Other relevant information

very very interesting

check this video out: https://streamable.com/fhbix7

this is with when src aligned is WF 512 now every 16th iteration is slowing down

so the stuck/lag went from every 4th to every 16th because the src aligned was 2048 and now its 512.

but what does that have to do with anything, only the model perimeters should effect the iterations, and we extract bigger aligned srcs for future proofing ( somewhat)

more info : either its my cpu 6700k or maybe dfl/3090 needs more support . it runs better on 1024 images . gets stuck for a little while on the 16th iteration is 1024 images(src) aligned is used .

also , i tried running an old model used with a 980ti with my new 3090 , which had around 600k iterations, used 2048 src aligned and i expected 3 fast iterations and 4th one very slow but to my surprise the speed with the 3090 was very slow , around 2000 ms . so i think if high iterations are achieved , speed will slow down also .

, this is being trained on a nvme m2 so its not the hdd speed that causes this.

  • Operating system and version: Windows 10 20H2 build 19042.964

  • Python version: 3.5, 3.6.4, ... (if you are not using prebuilt windows binary)

i tried running it with the lastest build DeepFaceLab_NVIDIA_RTX3000_series_build_04_22_2021

tamaragordon avatar May 10 '21 23:05 tamaragordon

check this video out: https://streamable.com/fhbix7 - normal behavior, but your is diferent.

zabique avatar May 13 '21 14:05 zabique

Try with a 2048 src resolution And 320 model resolution

Also which cpu do you have ? I have a 6700k

tamaragordon avatar May 14 '21 15:05 tamaragordon

2048px aligned? u mad?

zabique avatar May 14 '21 15:05 zabique

No not really. Didnt have any trouble with the 980ti

with the rtx 3000 build and a 3090 the training process seem to get stuck on every 4th iteration.

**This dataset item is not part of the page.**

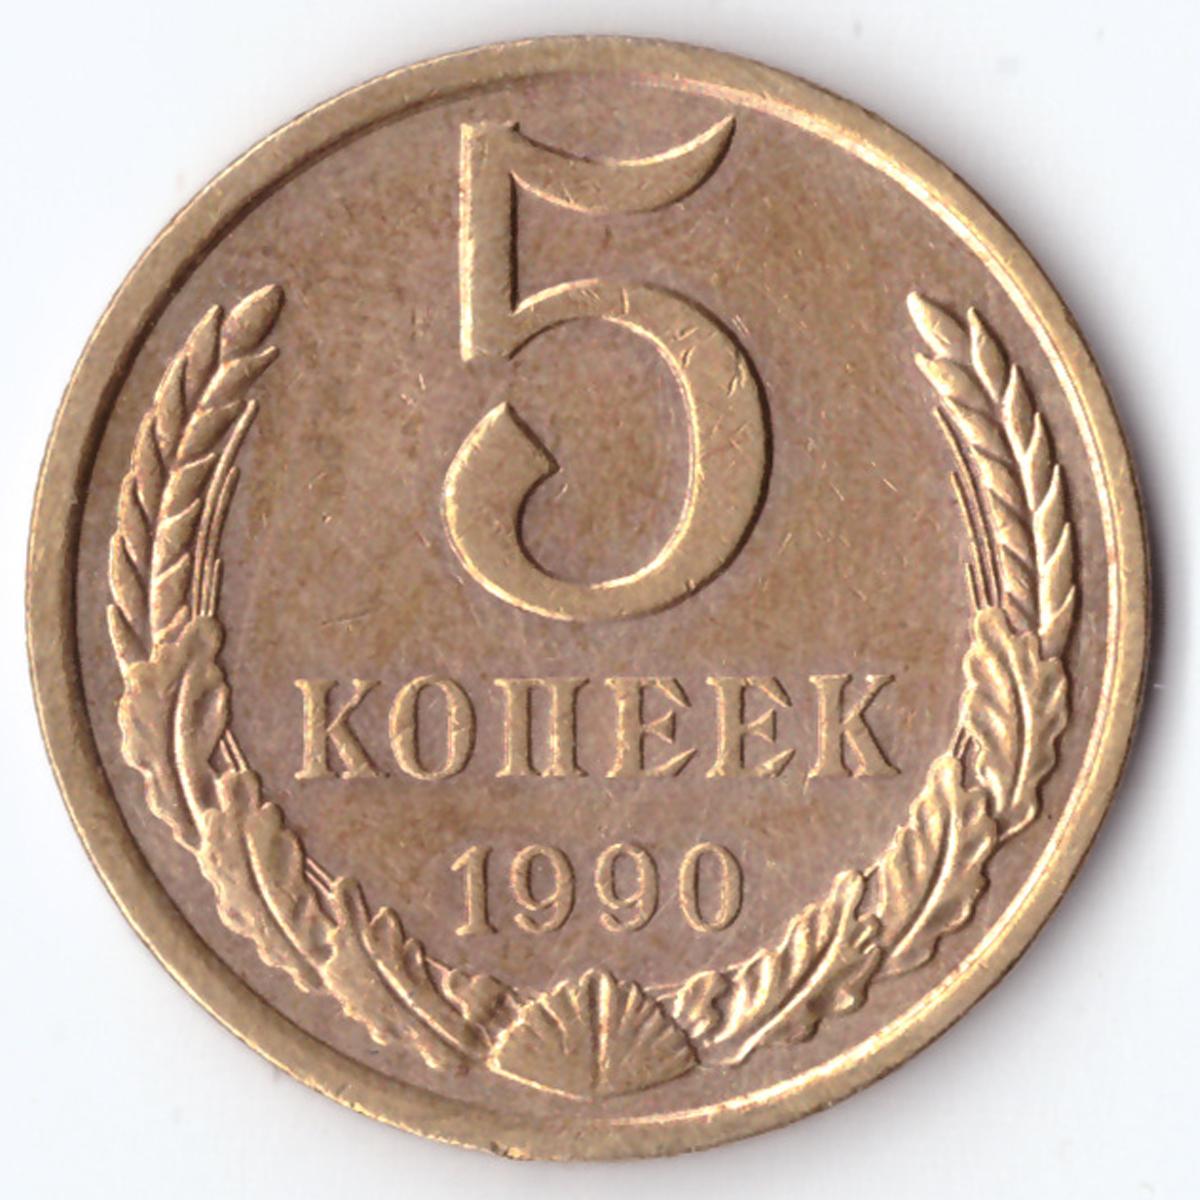 5 копеек 1990 года. Разновидность (Шт. А). Под второй буквой

Src aligned size has got nothing to do with model resolution and i am sure you are aware if this.

But it seems right now , the bigger the src aligned size , the more stuckier it will work.

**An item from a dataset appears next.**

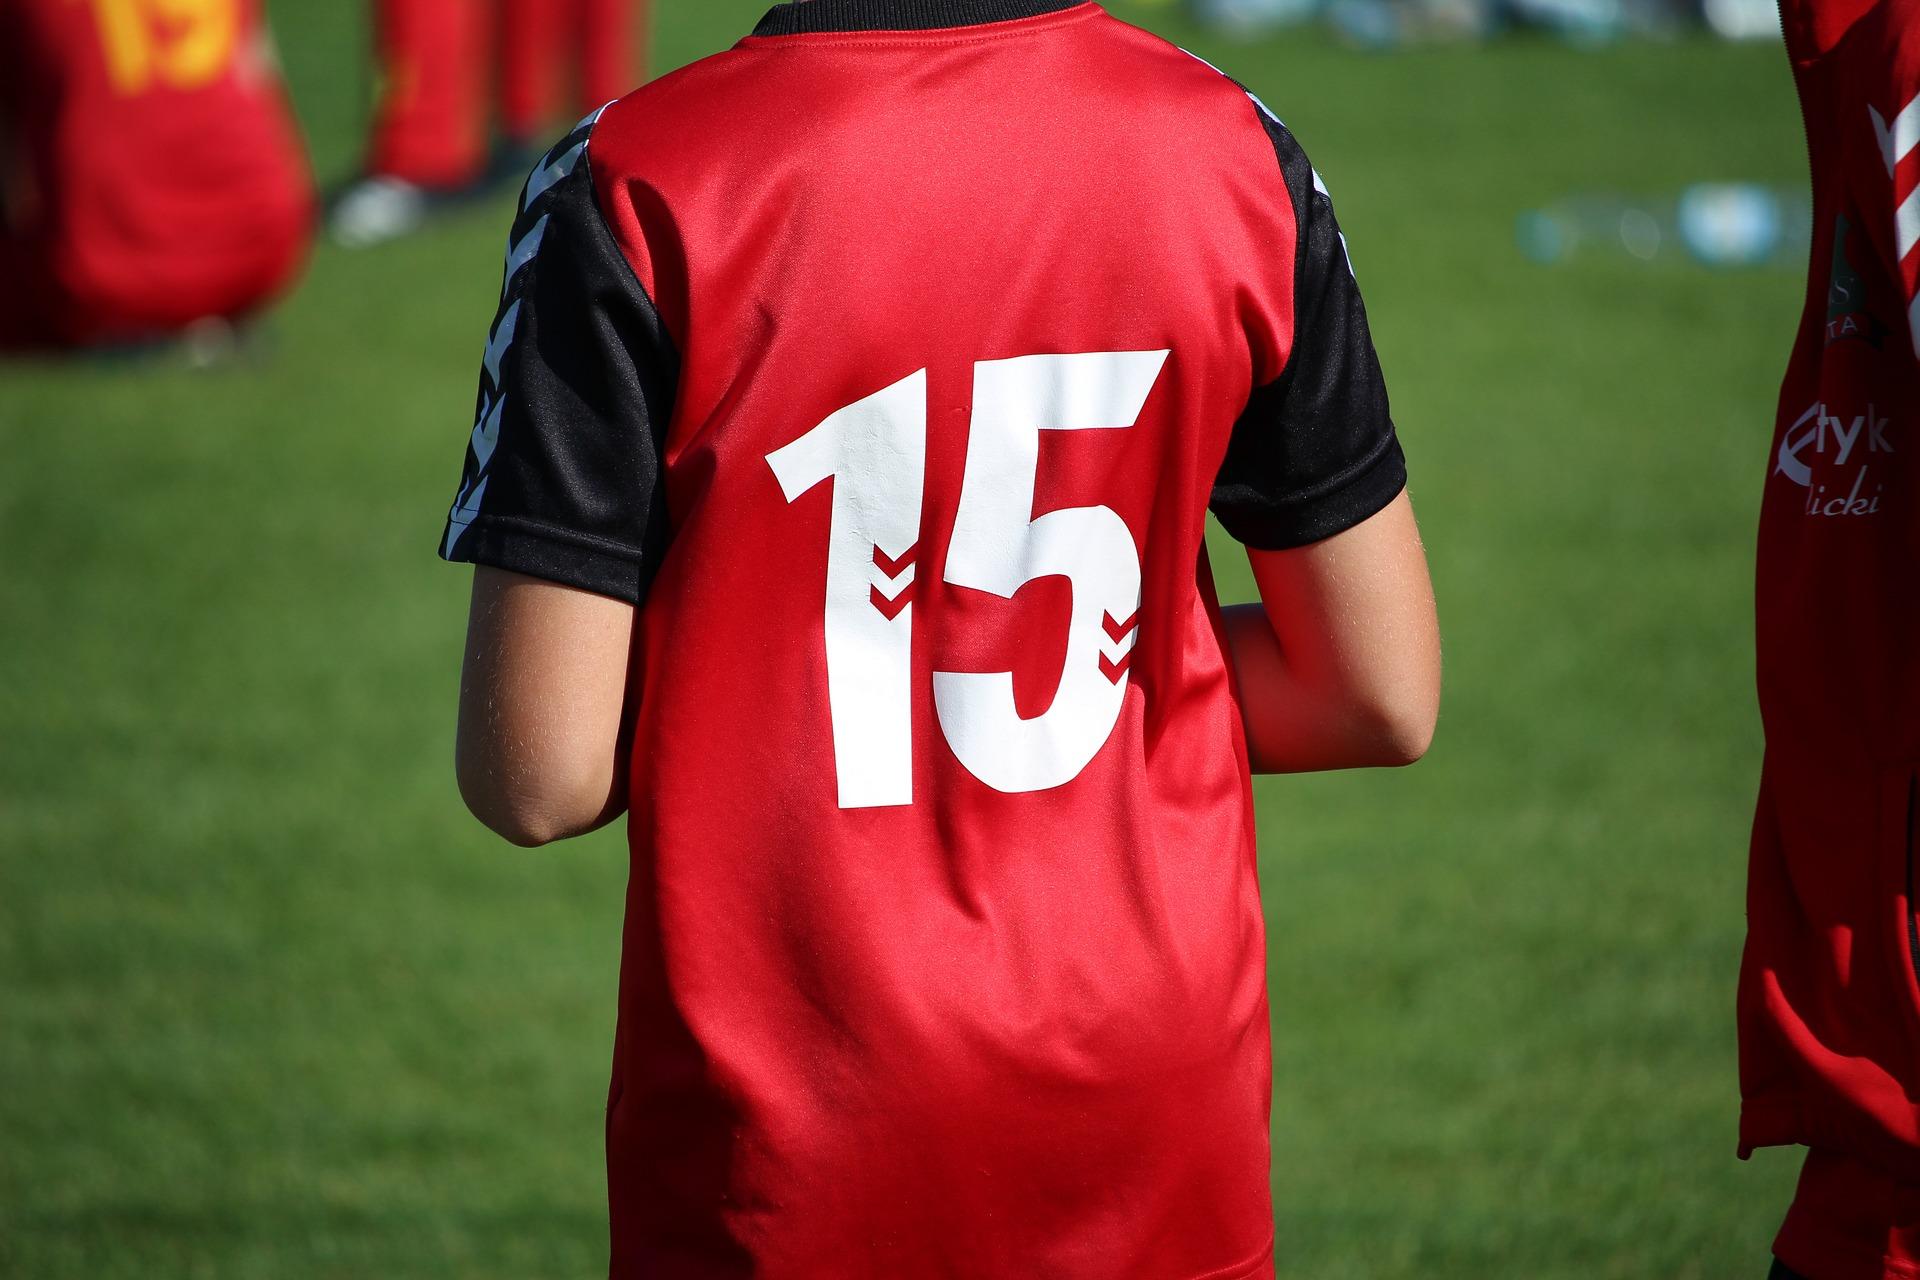 FUßBALL – GRUNDSCHULCUP 2019

Its running ok with 1024 src aligned.

but 1024 gives little “future proofing “since the actual picture (f/hf/head) resolution would be much smaller

so in short: bigger aligned = ultra slow

model can be 64x64 and still get stuck because aligned is big.

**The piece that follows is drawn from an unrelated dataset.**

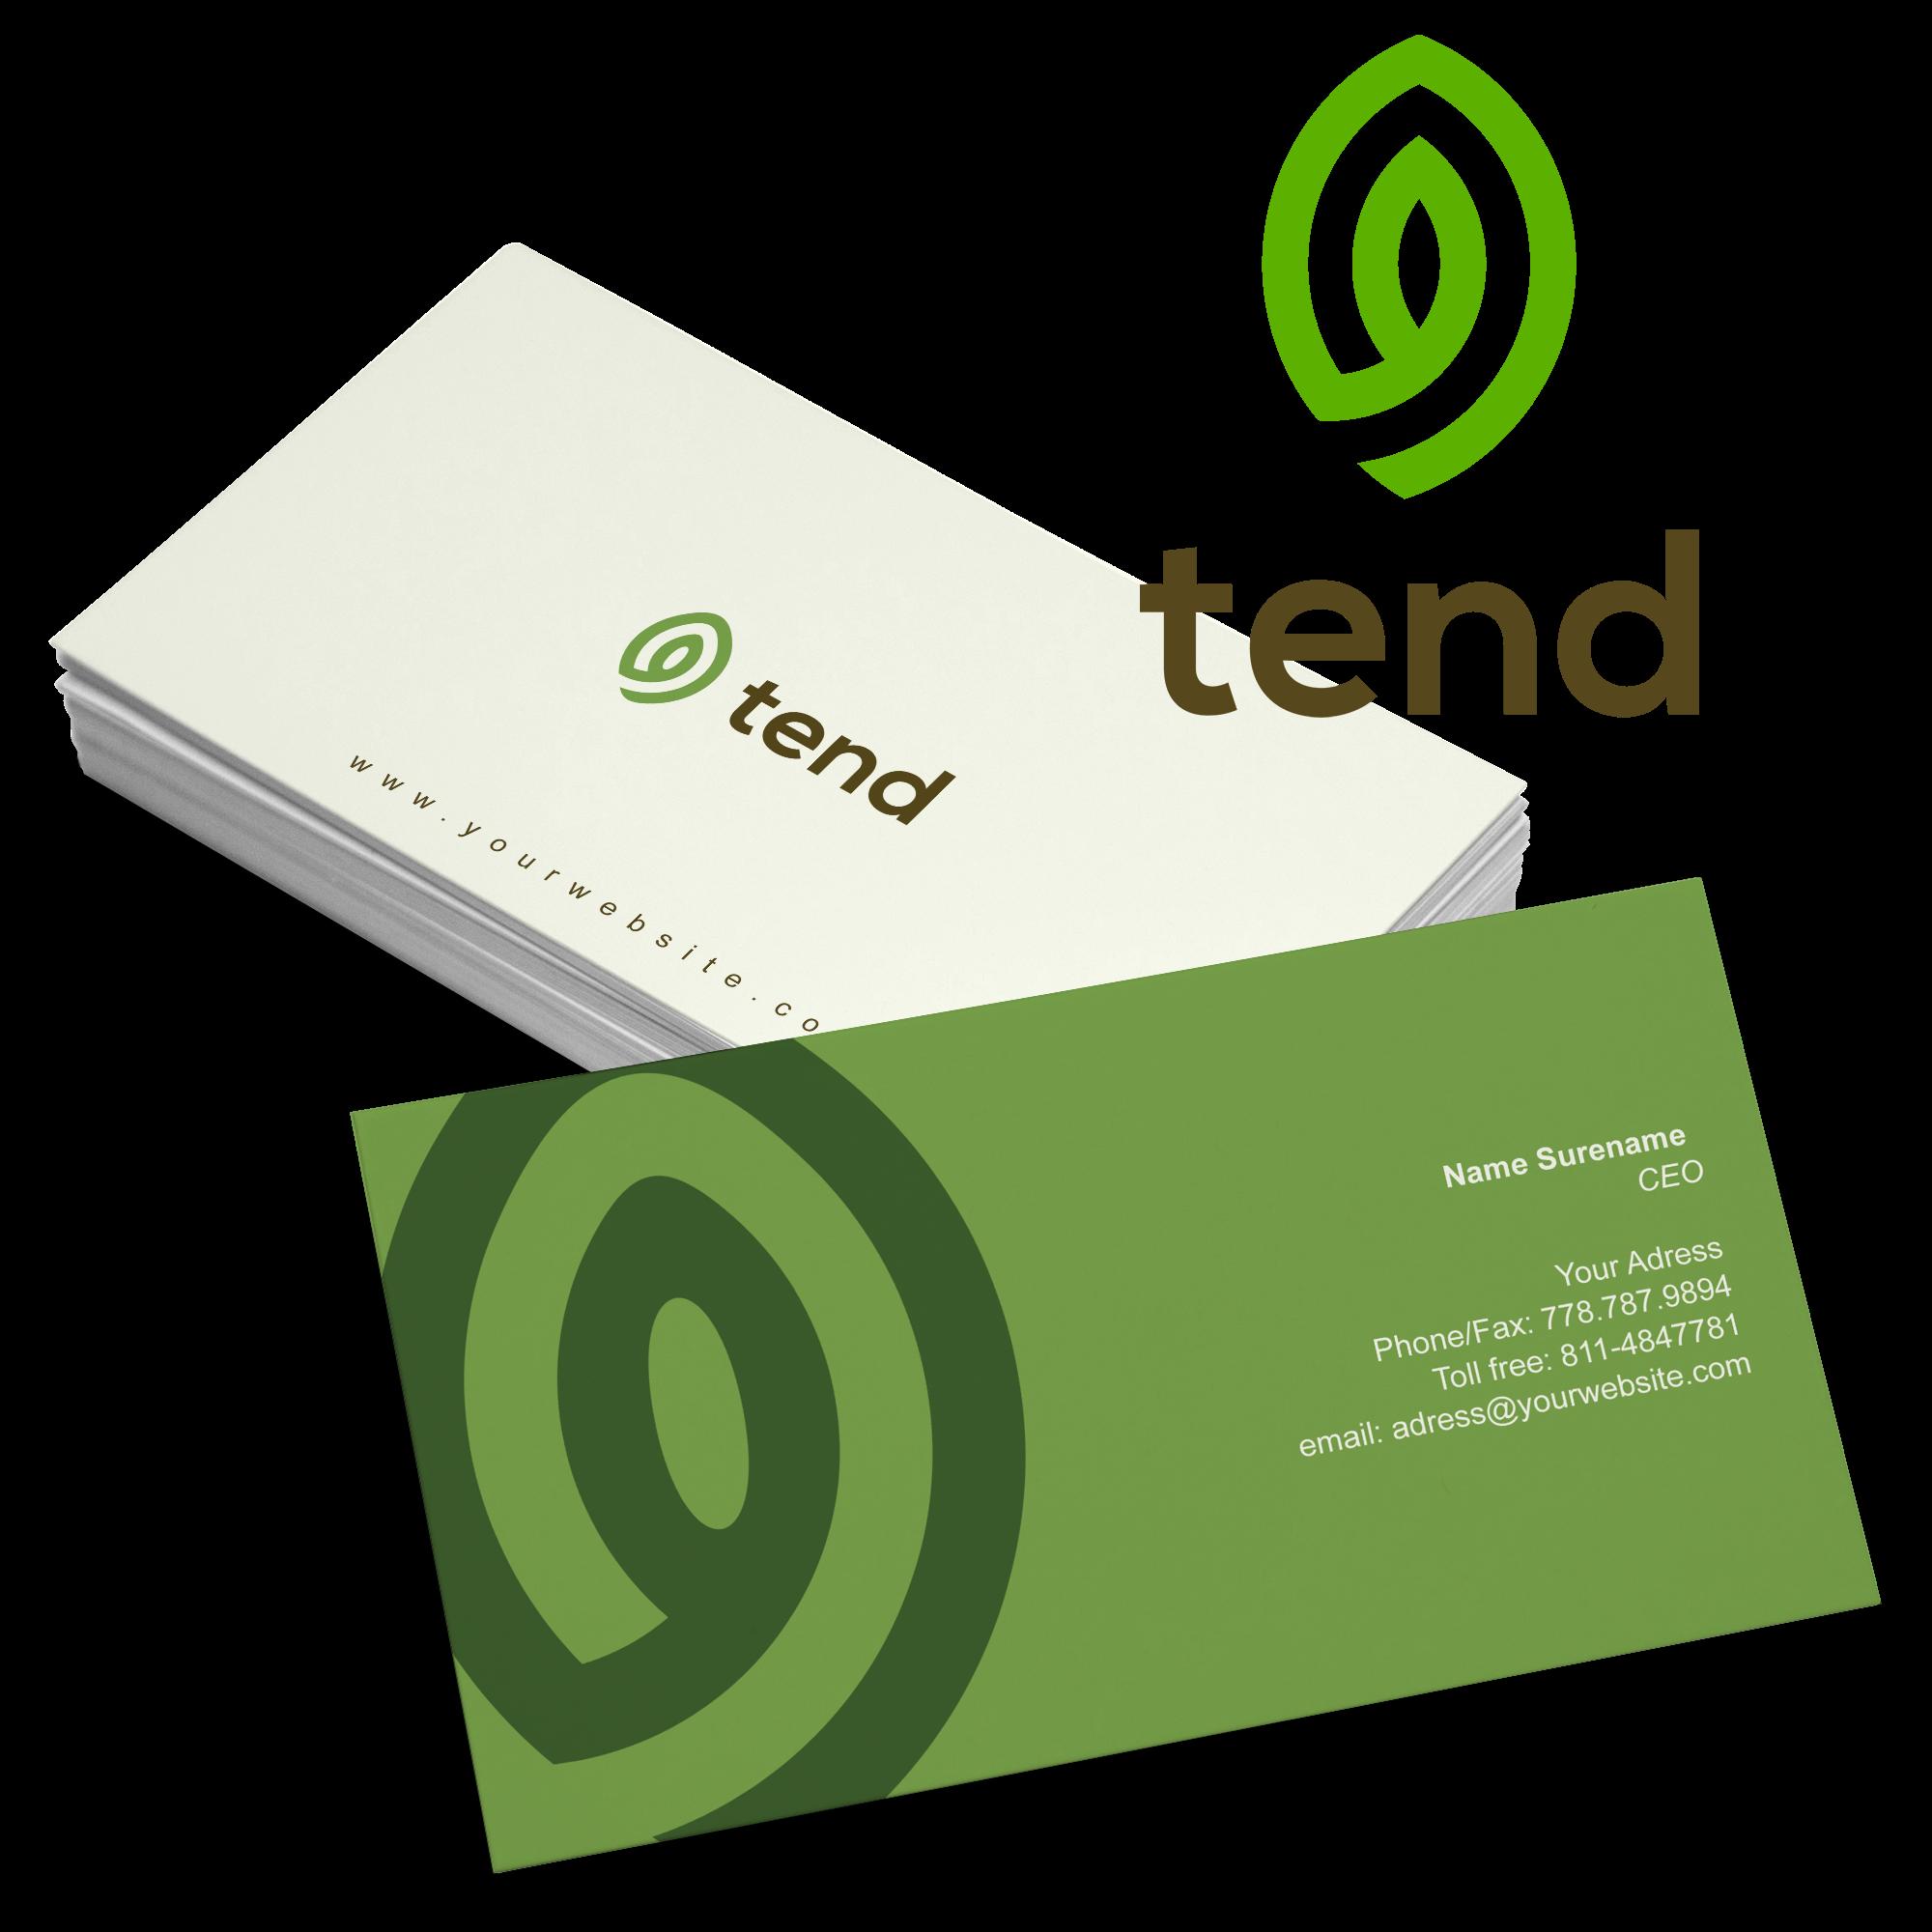 Business Card Logos Get A Custom Logo for Business Cards

Please check out the first video i attached.

tamaragordon avatar May 14 '21 20:05 tamaragordon

Try using a 2048 src aligned and report back. I am very interested in your results. Thank you.

tamaragordon avatar May 14 '21 20:05 tamaragordon

I'm using an RTX3090 on an older build (Dec 22 ish? Because that was when gan still worked okay) and just recently started running an SRC that's 1536 px on a model that's 416 px. I just noticed that it's also slowing down every 4th iteration (tho there are other iterations that are slightly slower too). Also running on a nvme (Samsung 970 pro).

Didn't notice the problem on SRC 1024 px

ff7rule avatar May 17 '21 09:05 ff7rule

Issue solved / already answered (or it seems like user error), please close it.

joolstorrentecalo avatar Jun 08 '23 22:06 joolstorrentecalo

It's 2023, I still cannot find a solution for my rtx 3090, it jumps every 4 or every 8 it's much slower in the overall run than my old 2070. Ryzen 5 3600, 32GB Corsair 3200, Samsung evo SSD nvme. Has anyone found a solution?

SrakPtak11 avatar Aug 31 '23 09:08 SrakPtak11